/Anti-Flow

A repository built on the Flow software package to explore cyber-security attacks on intelligent transportation systems.

Primary LanguageJupyter Notebook

Anti-Flow

This repository is built on and extends the Flow software package to explore cyber-security attacks on intelligent transportation systems. Where Flow is focused on how sparesely adopted AVs can improve traffic, this repository explores the opposite question: How can sparsely cyber-compromised AVs be used to degrade traffic flow?

Getting started:

Anti-Flow relies on the SUMO simulation environment. We recommend using the installation instructions here. Test the installation via the following commands:

  • which sumo
  • sumo --version
  • sumo-gui

If succesful this will print the version of sumo being run, and then open the sumo graphical user interface.

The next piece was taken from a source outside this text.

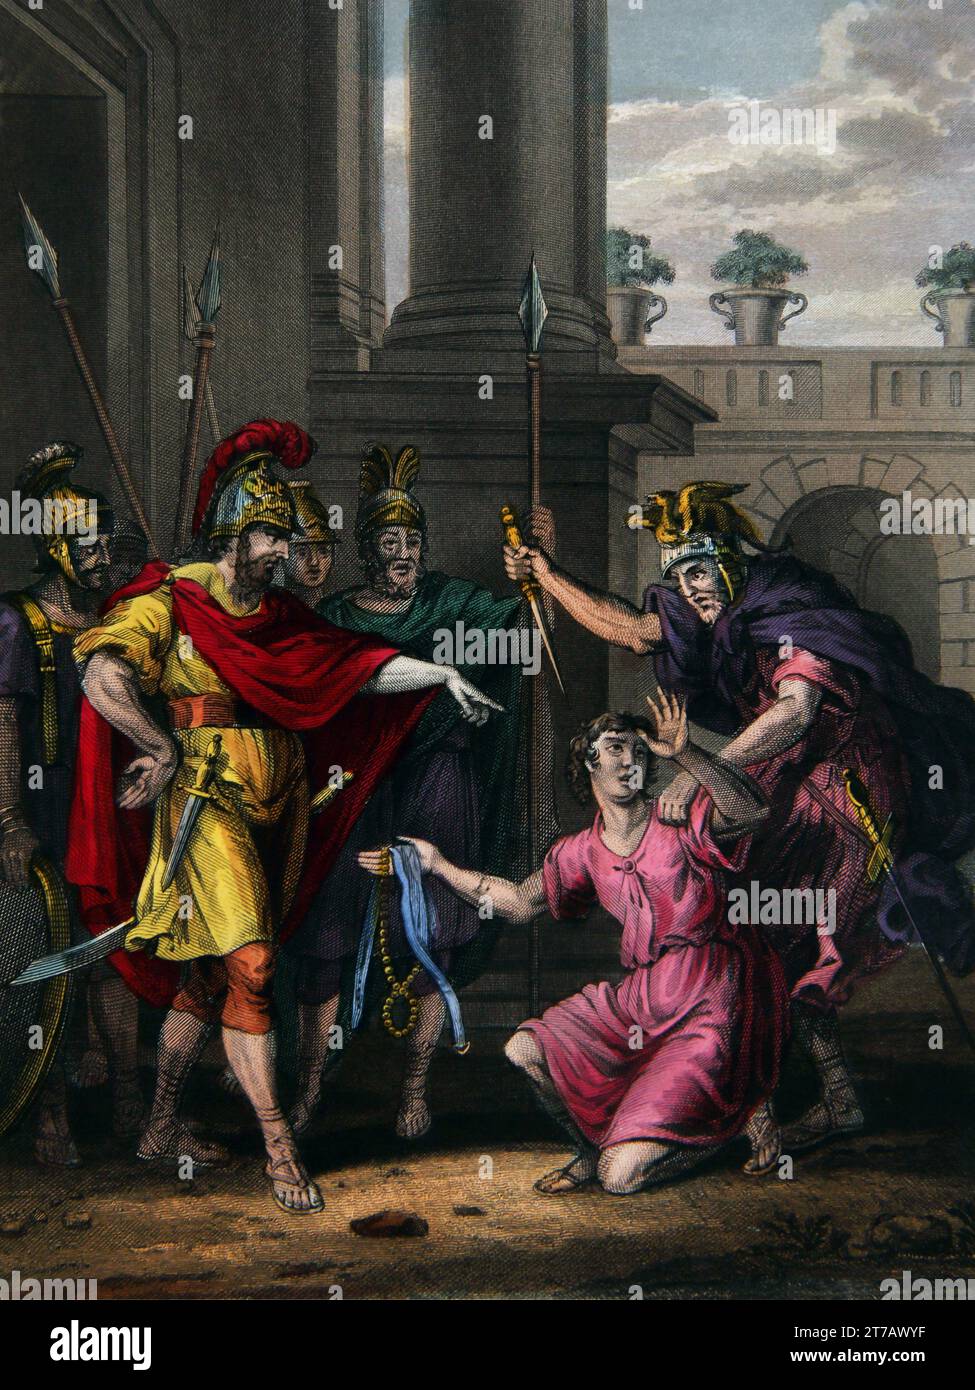 Illustration du mensonge Amalekite tué (Samuel) - le mensonge Amalekite sur le meurtre du roi Saul espérant profiter du roi David de l'auto-Interpr Banque D'Images
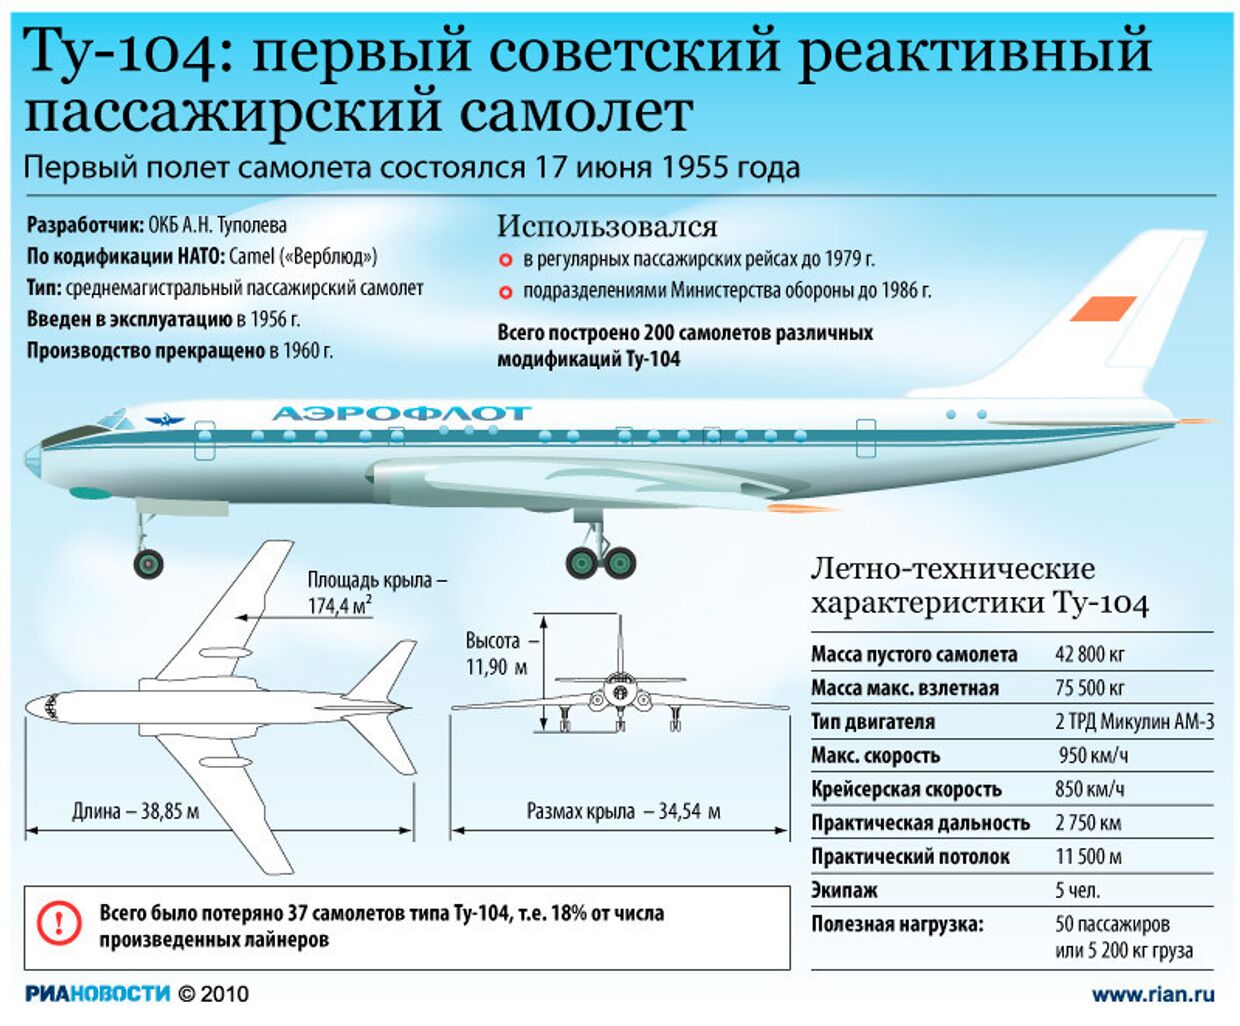 Ту-104: первый советский реактивный пассажирский самолет

It is very important that SUMO be installed correctly as the rest of Anti-Flow/Flow relies on SUMO for performing simulation.

We recommend setting up an anaconda environemnt to run Anti-Flow, which can be done using the following commands:

  • git clone https://github.com/georgegunter/Anti-Flow.git
  • cd <PATH_TO_ANTI_FLOW>
  • conda env create -f environment.yml
  • conda activate anti_flow
  • python setup.py develop

To test whether the installation is succesfful try running:

  • conda activate anti_flow
  • python examples/simulate.py ring

This should open the sumo-gui and present the user with an ability to run a ring-road simulation environment.

Tutorials:

For a guide on how to set up an adversarial simulation environment see \tutorials. This covers running an initial simulation, adding a compromised AV, and subseuqently using an anomaly detection technique on

Citations:

Please be sure to cite not just Anti-Flow, but also Flow when using for academic reseach.

Cite Anti-Flow here:

Gunter, G., Li, H., Hojjati, A., Nice, M., Bunting, M., Gunter, C., Li, B., Sprinkle, J., & Work, D. (2021). Compromised ACC vehicles can degrade current mixed-autonomy traffic performance while remaining stealthy against detection. arXiv preprint arXiv:2112.11986.

Cite the Flow here:

Wu, C., Kreidieh, A. R., Parvate, K., Vinitsky, E., & Bayen, A. M. (2021). Flow: A modular learning framework for mixed autonomy traffic. IEEE Transactions on Robotics.